Chantal Akerman, Pioneer Of Feminist Filmmaking, Dies At 65
She made more than 40 films during her lifetime, and in recent years explored her Jewish identity, according to the Times.
Playing October 7, 8 and 11 at various times and venues. The movie, which is a video essay about her mother, Natalia, an Auschwitz survivor who died previous year, is set to screen at the New York Film Festival this week.
Though her legacy is inextricably linked to “Jeanne Dielman”, perhaps one of the three or four most important feminist texts ever produced in the medium, it was Akerman’s versatility that seems most impressive in retrospect.
Akerman, a Brussels native, was the daughter of Holocaust survivors from Poland.
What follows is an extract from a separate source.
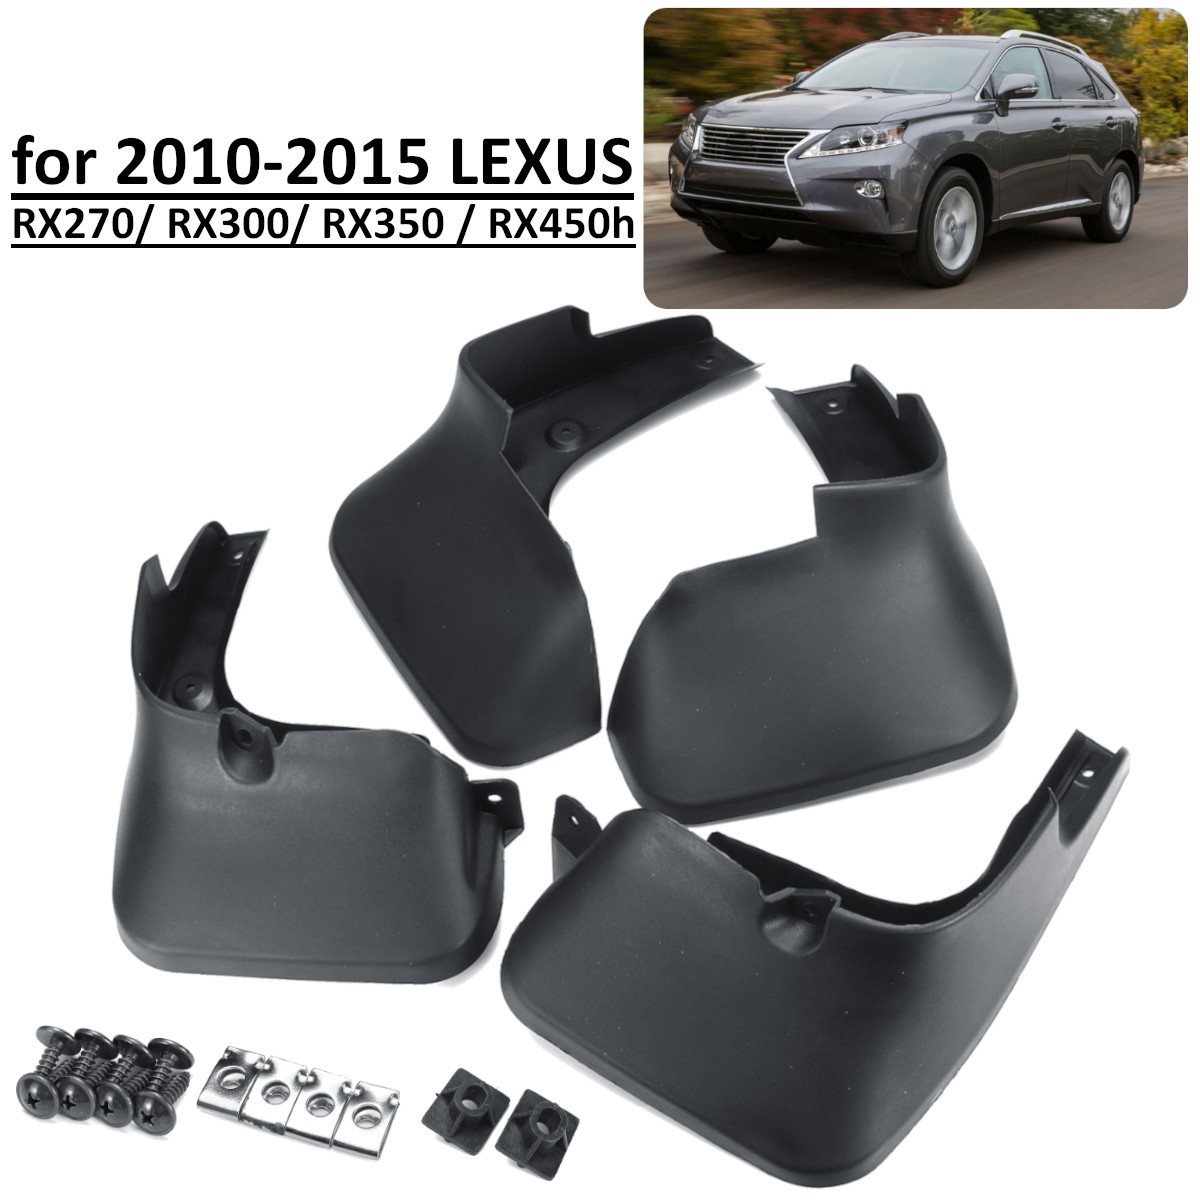 Araba çamur Flaps LEXUS RX RX270 RX300 RX350 RX450H 2010-2015 Splash muhafızları çamur Flaps çamurluklar aksesuarları

“It’s about the looks and sounds of ordinary things and people, which it records with such precise, unsettling clarity that it has the effect of finding threats in mundane objects and doom in commonplace characters”, film critic Vincent Canby wrote in the New York Times.
Her death has been confirmed by her sister, Sylviane Akerman, as well as Nicola Mazzanti, the director of the Royal Belgian Film Archive, with whom Akerman had worked closely.
Leading Belgian filmmaker and theorist Chantal Akerman has died, The New York Times reports.
Akerman has said that after watching Jean-Luc Godard’s Pierrot le fou (1965) when she was fifteen, she decided on the spot that she would become a filmmaker.
I’ve posted below the video of her short Saute Massachusetts ville, and I hope readers unfamiliar with her work will seek it out. “Nothing is simple”, she told one interviewer who tried to pin down her message.
Her other films include 1996’s A Couch in New York, starring William Hurt and Juliette Binoche, News from Home, and I, You, He, She.
The film, shot in 1975 and released in 1976: “Jeanne Dielman, 23 quai du Commerce, 1080 Bruxelles”.
Often haunting, sometimes haunted, Akerman’s best films derive their power from how they clue the viewer into what is being left unexpressed or unsaid; she could turn a long take of a person going about their kitchen into a portrait of the world they inhabited. In addition to her filmmaking, Akerman also taught, including a lengthy stint at Harvard, where she was Andrew Bujalski’s thesis advisor. In her 40-plus films, she often repeated themes of alienation with echoes of the trauma of the Holocaust.